Taxe foncière et CFE des locaux professionnels : des anomalies qui vous coûtent cher
Votre taxe foncière est calculée à partir de la valeur locative cadastrale de votre bien, rarement mise à jour, et (très) fréquemment entachée d'erreurs.
Surfaces inexactes, catégories d'usage dépassées, coefficients mal appliqués, abattements oubliés : ces anomalies jouent presque toujours en défaveur du contribuable.
Comment est calculée la taxe foncière des locaux professionnels ?
Elle se calcule en deux temps :
L’administration détermine d'abord la valeur locative cadastrale de votre local, c’est -à-dire le loyer théorique annuel que le bien pourrait générer selon ses caractéristiques.
Des calculs et abattements spécifiques peuvent alors s’appliquer, en fonction des dates d’entrée et construction, de la vétusté, de l’activité, de l’occupation, de la vacance, et bien d’autres paramètres : on obtient alors la base d’imposition.

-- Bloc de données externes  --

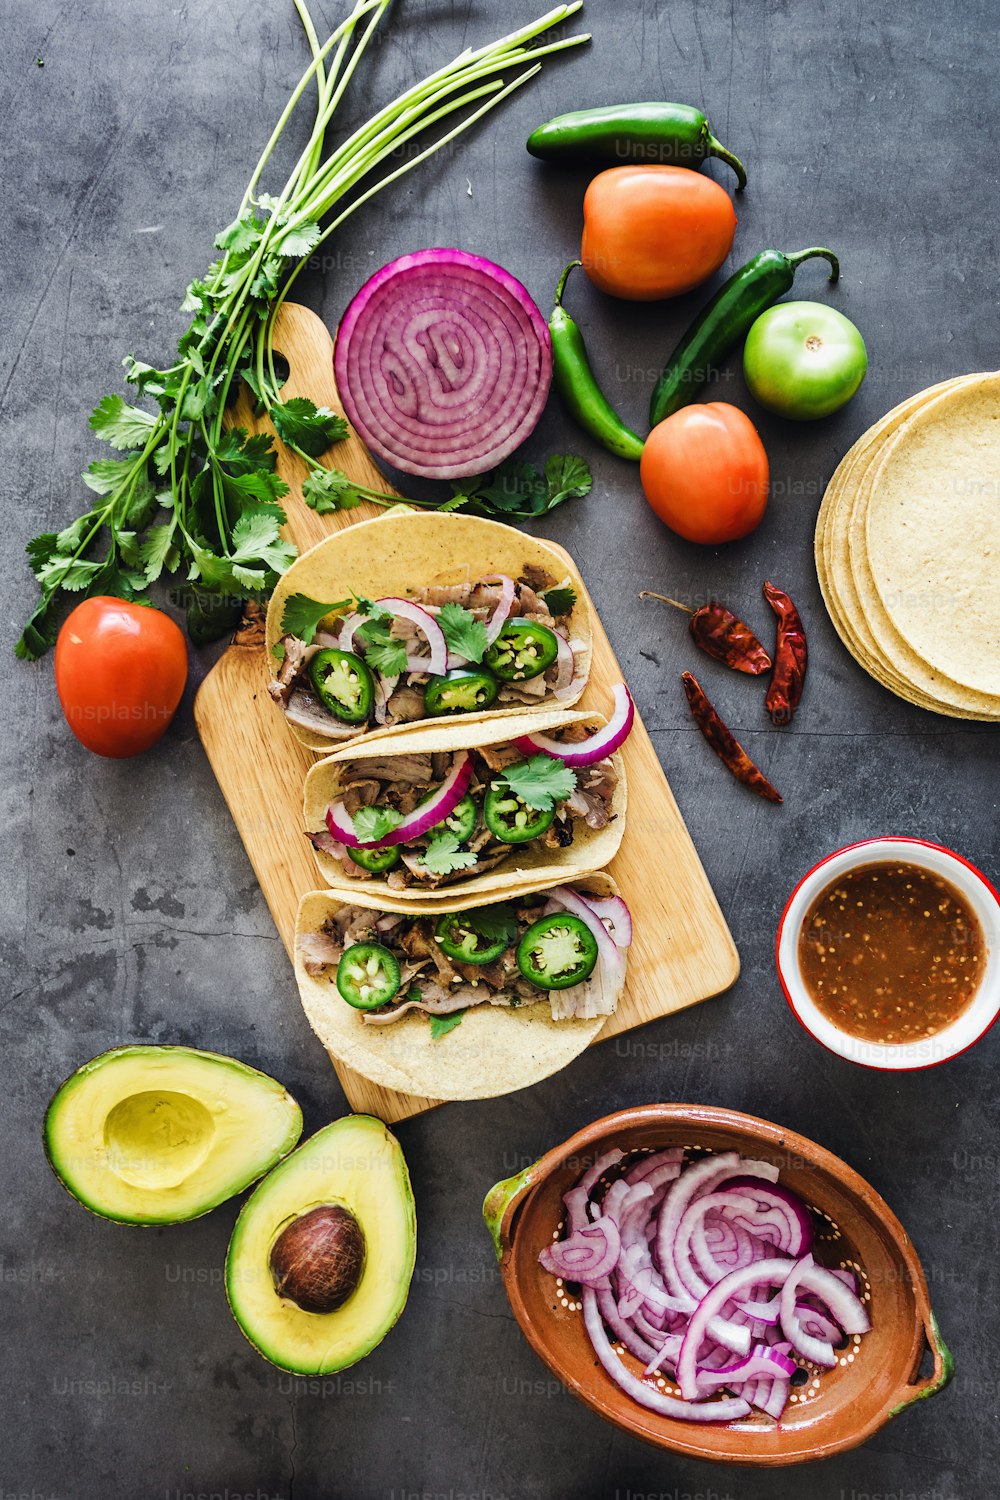 mexikanische Straßen-Tacos Zutaten mit Schweinefleisch-Carnitas, Tortillas, Avocado, Zwiebeln, Koriander in Mexiko-Stadt

Les territorialités appliquent ensuite à cette base corrigée des taux qui leur sont propres, et sont votés chaque année.
Les erreurs proviennent quasi systématiquement du calcul de la base d’imposition, obtenue à partir des paramètres suivants.
01_Surface pondérée
Surface globale réelle, pondérée par des coefficients en fonction des caractéristiques physiques et d’utilisation des surfaces (à titre principal ou secondaire, couvertes et non-couvertes)
02_Catégorie d’usage
Classement dans une des 38 catégories existantes en fonction de l’usage et des caractéristiques physiques du local : bureau, commerce, entrepôt, local industriel, activité artisanale...
03_Tarif de référence
Un tarif au m² applicable fixé par l’administration en fonction de la catégorie d’usage, mais aussi du secteur, c’est-à-dire de l’emplacement spécifique dans la commune.
Pour les locaux concernés, les notions plus techniques de lissage, planchonnement et neutralisation viennent également modifier la base d’imposition.
Pour les locaux concernés, des abattements spécifiques peuvent réduire la base d’imposition : vétusté, vacance, activités particulières, etc.
Taxe foncière et CFE : pourquoi une erreur en génère souvent deux
La Cotisation Foncière des Entreprises (CFE) est calculée sur la même base que la taxe foncière : la valeur locative cadastrale. Toute correction obtenue sur la taxe foncière entraîne donc souvent, mécaniquement, une réduction équivalente de la CFE.
Mais comme il s’agit d’une déclaration différente, il arrive que la CFE soit exacte et pas la taxe foncière, ou l’inverse.
Concrètement,
si une contestation aboutit à un dégrèvement de 30% de votre valeur locative cadastrale, vous devriez récupérer 30 % de trop-payé sur la taxe foncière ET 30% sur la CFE, pour chaque année concernée, jusqu'à 5 ans.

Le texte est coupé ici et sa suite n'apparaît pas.